Step six is about learning how to market yourself and learning how to network to land a role you want. When you market yourself, you need to frame your projects as real data experiences. If you are looking at entry-level positions, you probably already noticed that there are few compared to the amount of mid to senior-level roles open which makes them very competitive. In the job description and requirements for these entry-level roles, you have probably also seen the bullet point asking for 2+ years of experience. When marketing yourself you don’t want to lead by saying you don’t have any experience, this will likely eliminate you from the applicant pool. Instead, talk about your projects as experiences, although they are not actual workspace experiences, people want to know that you have the ability to perform the job they are hiring for. When entry-level job descriptions state they want a candidate with two years of experience a lot of times what they’re really looking for and care about is your ability to do the work. When it comes to networking you want to make sure you are connecting with people that are in the space you are interested in. Also, when connecting with these people think about it as a mutual relationship and give them a reason to be interested in a connection with you. One of the worst mistakes people make when networking is approaching people with a “how can you help me” and “what can I get from you” mentality. You need to show a genuine interest in connecting with and talking to these professionals, take the time to read about the work they do, and find some common ground so you can have a real conversation with substance.

 

Step seven, the final stage is getting really good at the analyst interview.
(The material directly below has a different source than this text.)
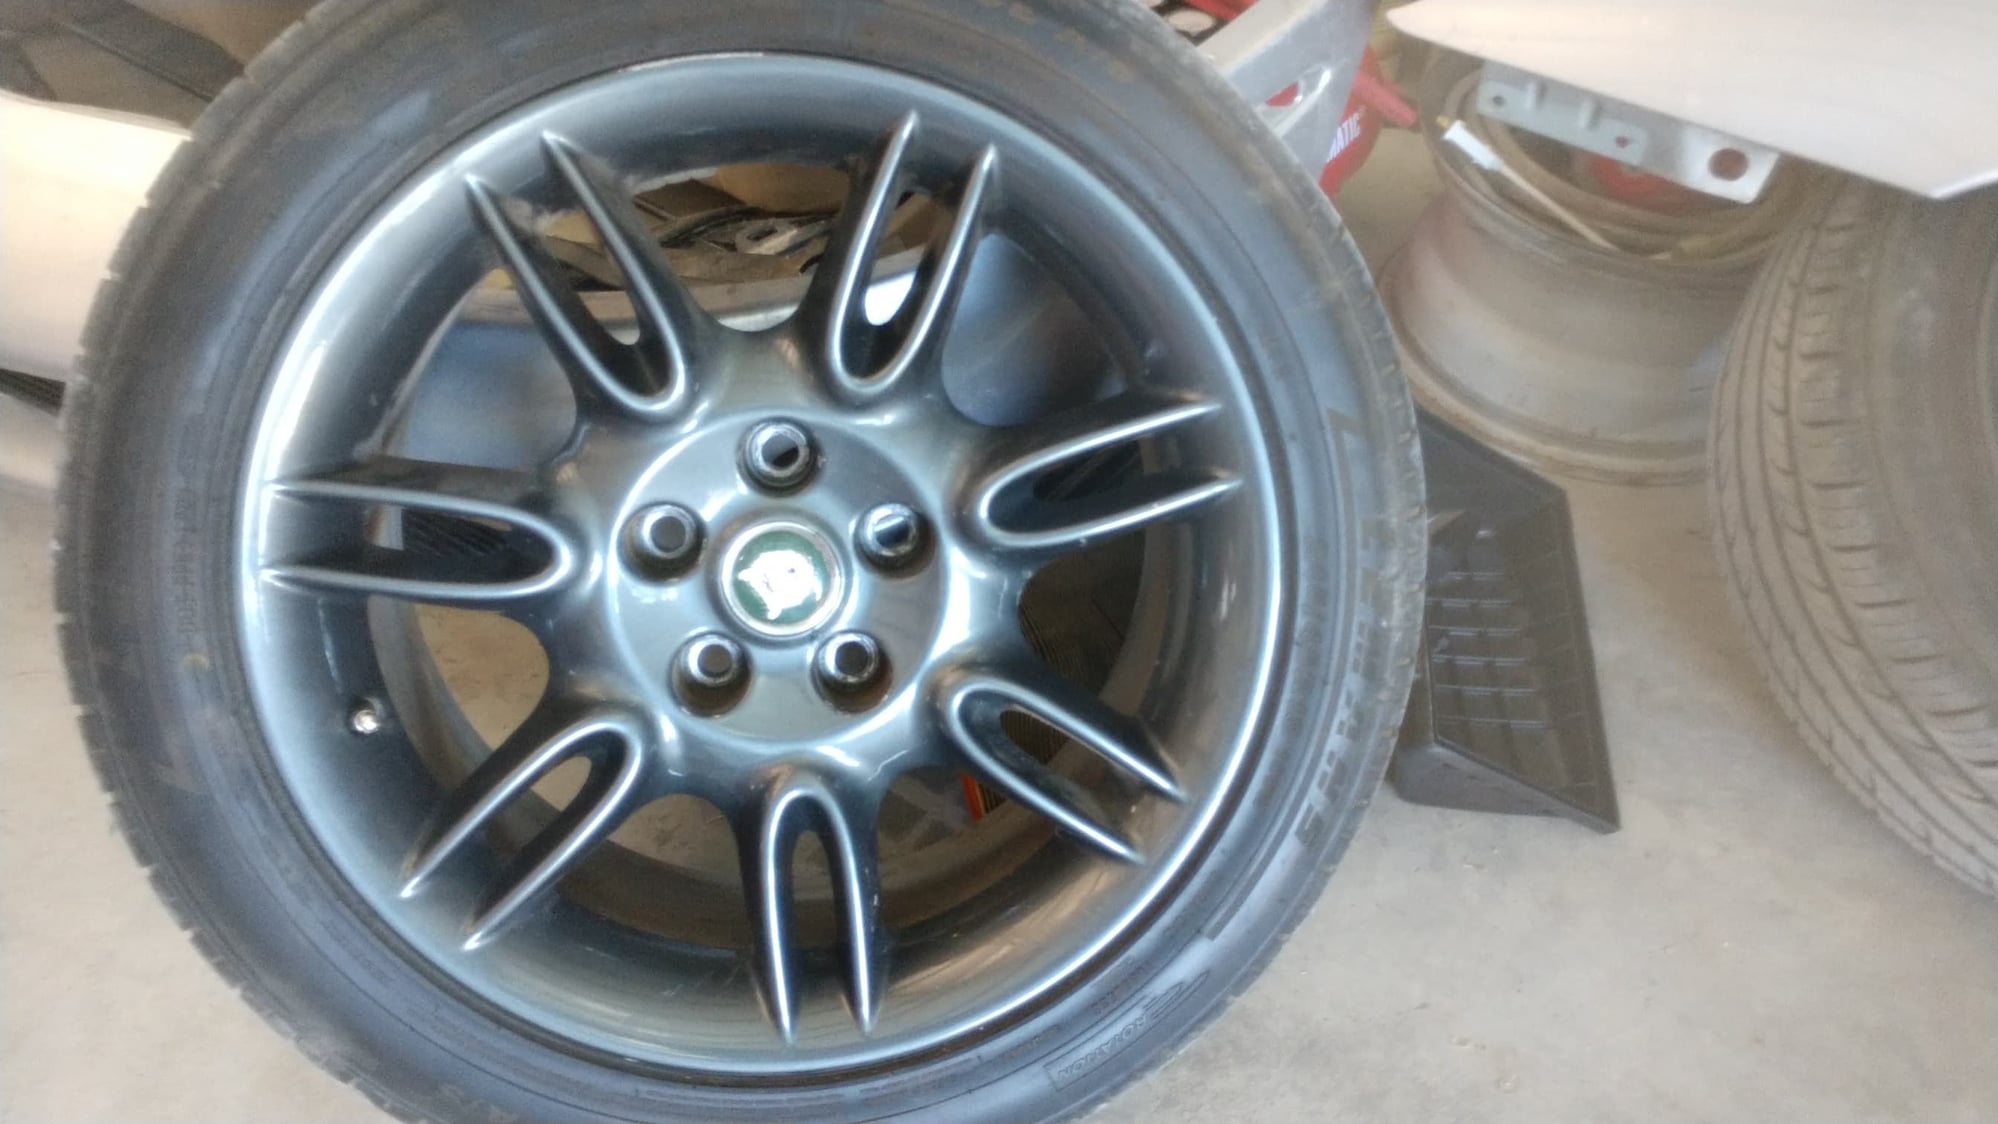 2001 Jaguar XKR - Parting out 2001 XKR - Wheels and Tires/Axles - $600 - Lago Vista, TX 78645, United States

When you interview you need to keep in mind that you are not getting the job just because you have the skill set, you’re getting the job because you can solve problems, the skillset comes secondary. A lot of people interviewing over-emphasize their technical skills and leave their softer skills in the background. This is often a huge mistake; John David likes to give the analogy of hiring someone to build a shed.  If you are hiring a shed builder you don’t want to see a certification on how well they can swing a hammer or use a screwdriver, you want to see some evidence of the sheds they have built. They want to see your style and your overall effectiveness. If you can show these things to the person hiring you will at the same time show that you are great at using the tools required. These people hiring are looking for results and impact! There are lots of candidates that can use the tools, can extract data, can create beautiful visualizations but the people that really stand out and are extremely valuable can do all those things on top of also understanding the business problems. These MVPs know how to find valuable levers that can improve the business, they’re great at communicating, they’re great at rallying people, and great at advocating to take action-based approaches that drive value. You need to communicate that you can become this type of employee for the role you are applying for.